Tuesday, January 28, 2014

Rosie Has An Exciting Day!

I write this on Sunday, January 26, 2014.
Today is my birthday.

I suggested the three of us go out to breakfast this morning-
Mr. Hawthorne, Middle Hawthorne, and me, the Birthday Girl.

What excitement it was!

After an uneventful breakfast
(I've seen fights between couples here in past repasts.
No such luck today.),
Mr. Hawthorne decided to swing by the Teeter
to look for King Crab legs or lobster.
After all, it is my birthday.

Upon entering the entry to theTeeter,
Mid Haw noticed a vulture eating something.
Mere yards from the by-pass.

Upon leaving,
Vinnie the Vulture was still hangin'.

We're heading out of the Teeter's parking lot.
No cars behind.
Luck!
Shot the first pic through the windshield.

Mr. Hawthorne inched along,
rolled down his window,
and I shot this as Vinny became wary and ventured away.

We're thinking that's a dead rabbit up there.
Next-Door-Neighbour-Zippy
says it's something else.
He mentioned the paws don't look rabbitish.

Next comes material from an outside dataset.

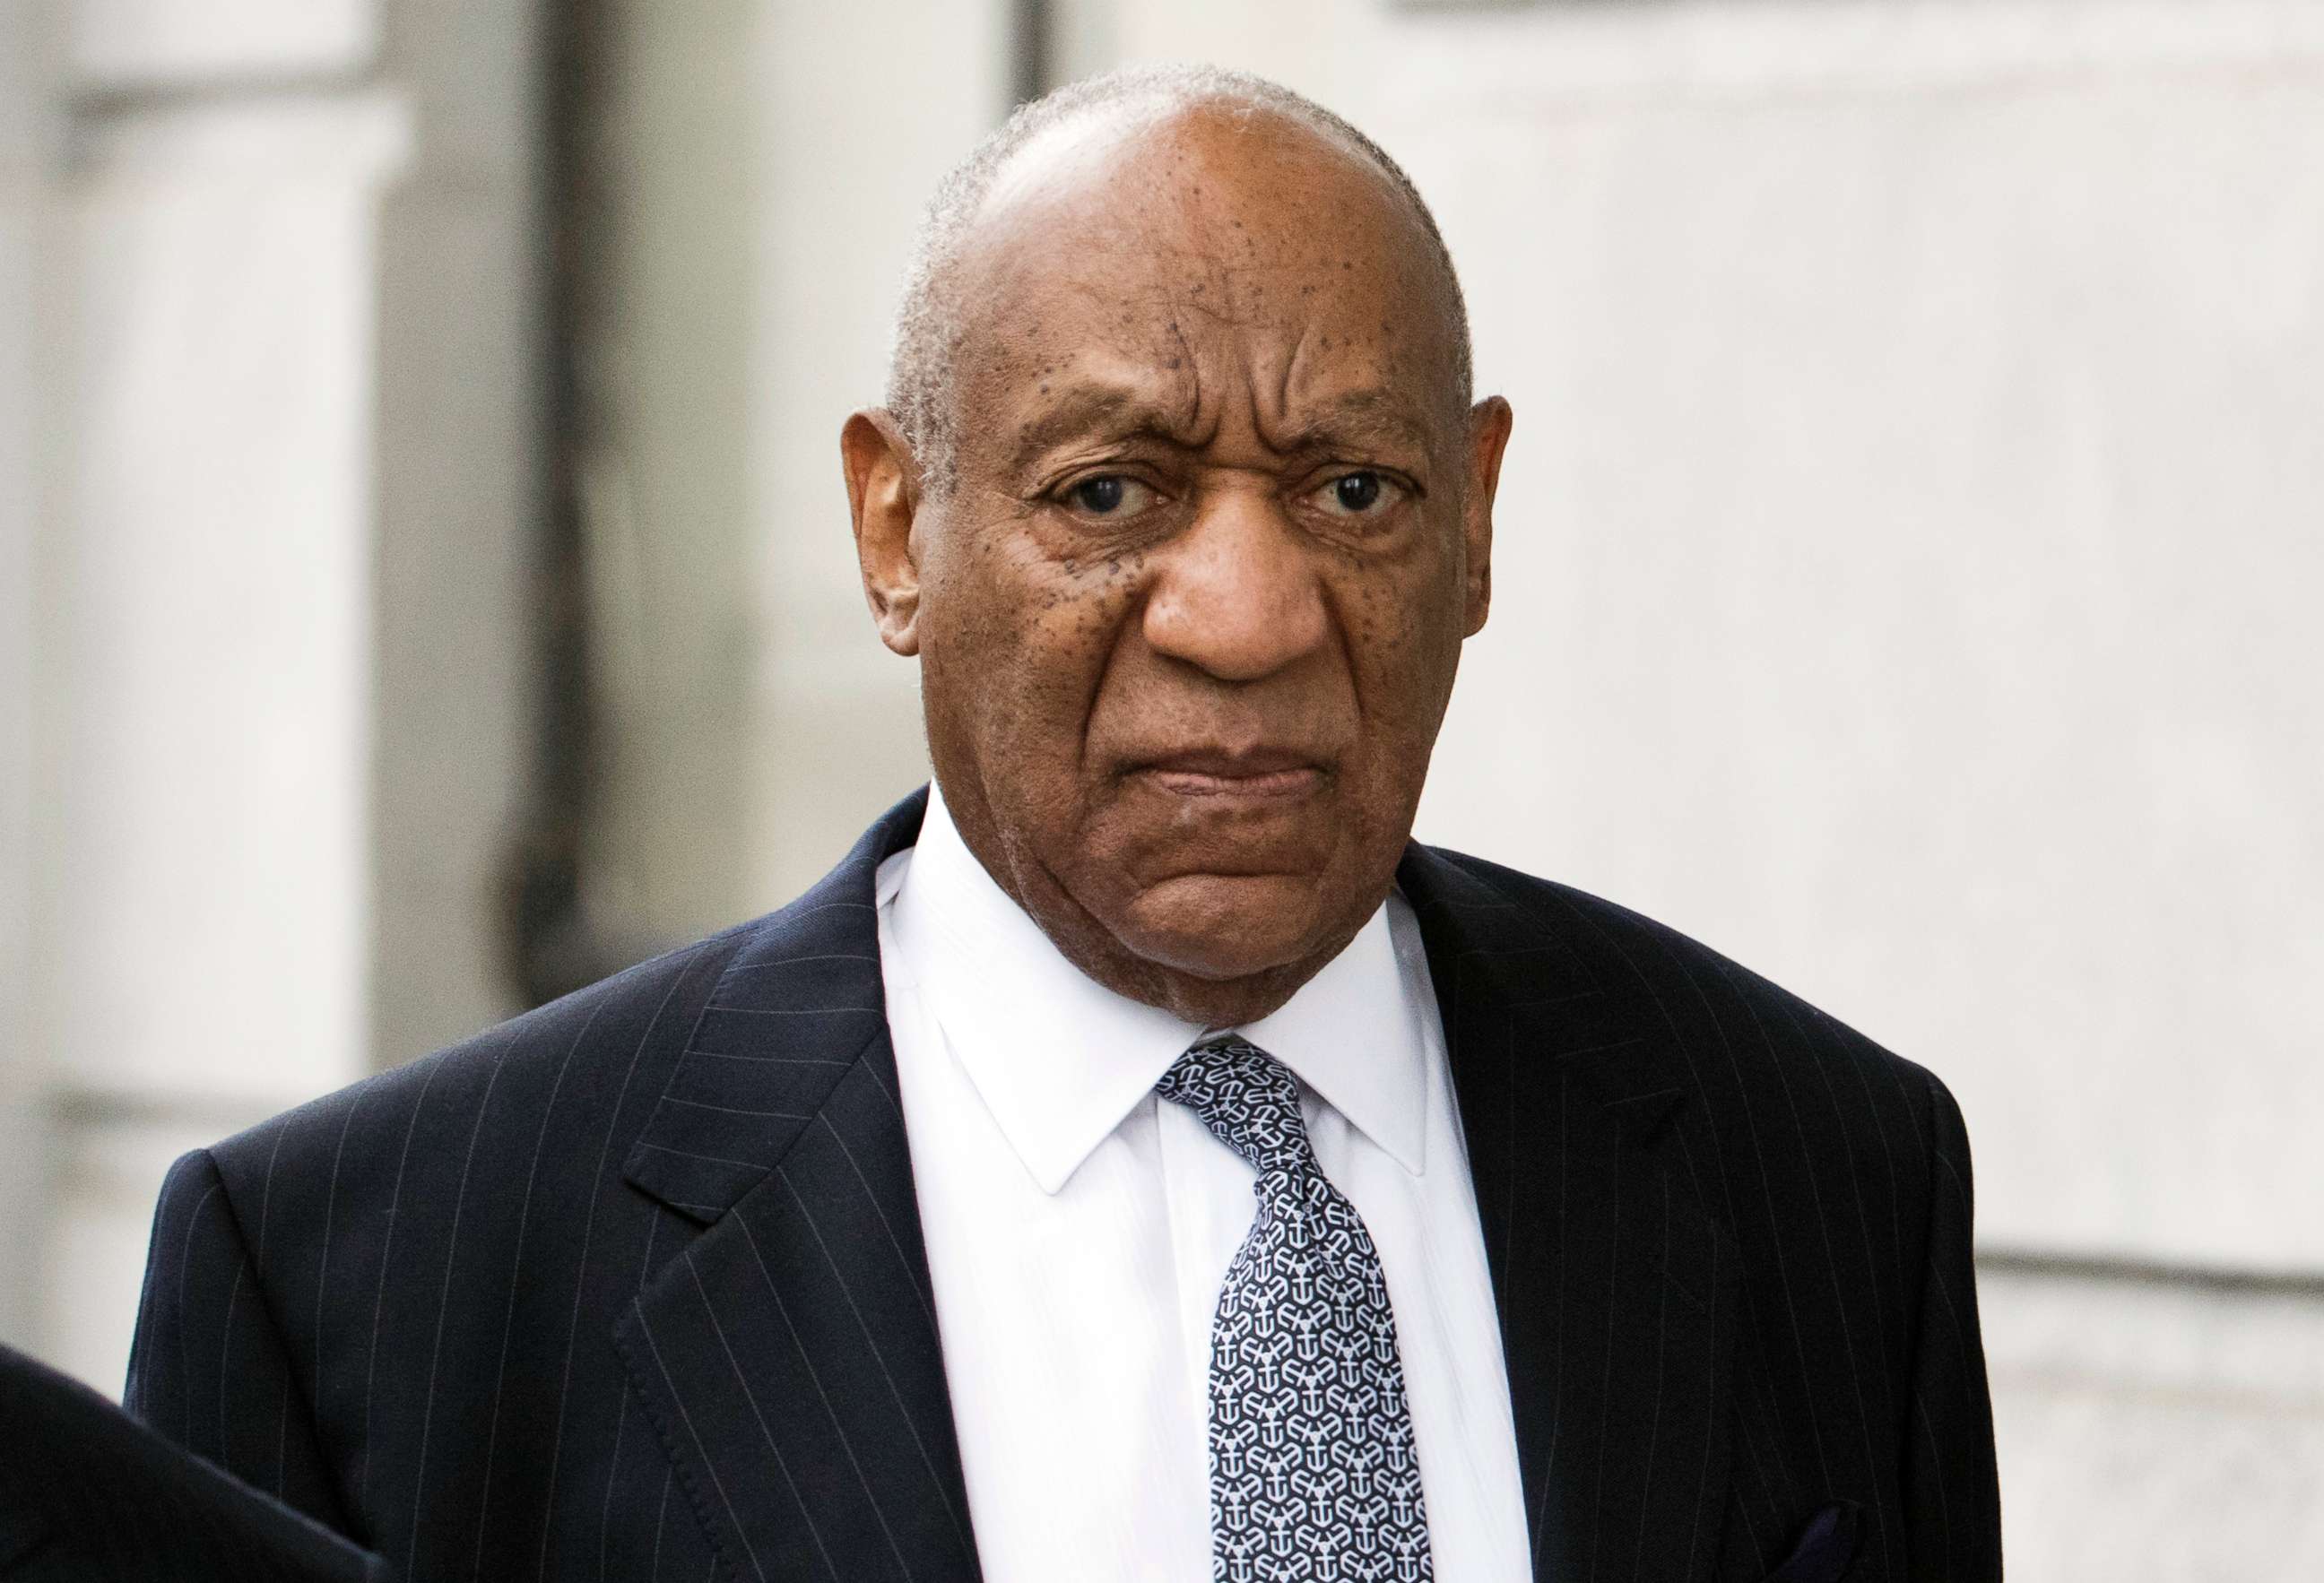 PHOTO: Bill Cosby arrives for his sexual assault case at the Montgomery County Courthouse, April 4, 2018, in Norristown, PA.

I've been wanting to take this picture for a long time.
On the way back to Colington,
I asked Mr. Hawthorne to pull over
so I could get out and finally take a picture.

Crouching view.
My favorite.

Photo from the moving car.
Too bad Rosie can't keep her camera level.

 Not to worry.
Rosie has Picasa.
Same picture as above.
Just straightened up.


My new MonkeyBusiness cards.
Designed by Daughter Hawthorne.
I love the sparkly star on the fork tine.
And I got a pen too!

Thank you, Daw Haw.
I love you!

Mr. Hawthorne baked a Pecan Spice Cake for me.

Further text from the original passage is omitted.